Rather than asking whether hormone therapy is universally safe or unsafe, clinicians increasingly began asking who should receive it, when it should be started, which hormones should be used and for how long.
As a result, hormone therapy gradually re-entered mainstream medical practice around 2014-15, with international guidelines becoming progressively more supportive for appropriately selected women.
The terminology has also evolved. The preferred term today is Menopausal Hormone Therapy (MHT), reflecting its primary purpose of managing menopause-related symptoms and health concerns rather than simply replacing hormones.
THE INDIAN BALANCING ACT
While India stands to benefit from wider access to MHT, it also presents unique challenges.
Earlier menopause means Indian women potentially live longer with oestrogen deficiency. Yet the country also experiences cardiovascular disease at a younger age than many Western nations.
This makes individualised risk assessment even more critical.
Dr Mithal says MHT should not be prescribed routinely to every woman entering menopause.

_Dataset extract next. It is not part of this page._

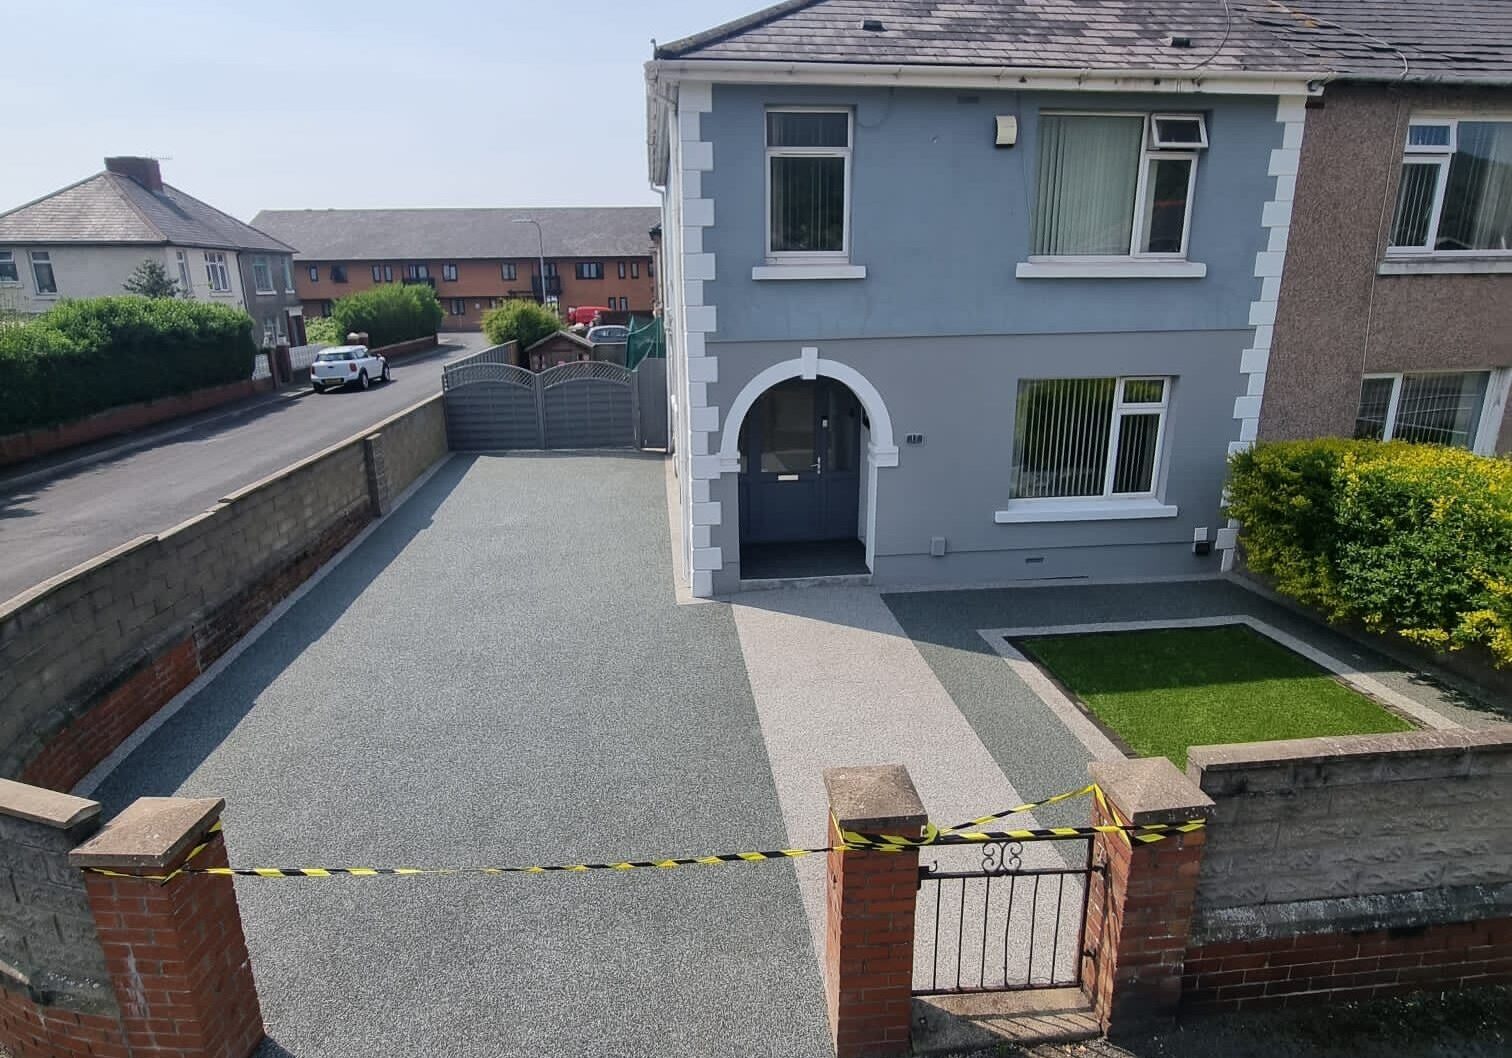 This is a photo of a Resin driveway carried out in Swansea. All works done by Resin Driveways Swansea

Instead, it should be reserved for those who understand the benefits and risks, have no major contraindications and can undergo appropriate screening and long-term follow-up.
For women facing more immediate health challenges – including poor nutrition, limited access to healthcare or inadequate follow-up, the risks and practical challenges may outweigh the benefits.
"The goal is personalised treatment, not routine prescription," he says.
The therapy works by replacing some of the oestrogen and, where needed, progesterone – that naturally decline during menopause.
While oestrogen is best known for its role in reproduction, it also plays an important part in maintaining bone strength, supporting cardiovascular health, preserving vaginal and urinary health, and potentially contributing to cognitive function and overall well-being.
As hormone levels fall, many women experience hot flashes, night sweats, disturbed sleep, palpitations, mood swings, anxiety, irritability, brain fog, unexplained body aches and persistent fatigue.
For some, these symptoms are mild. For others, they interfere with work, relationships and daily functioning.
In such women, Dr Mithal says, MHT can be an effective treatment – but only after an individualized medical assessment.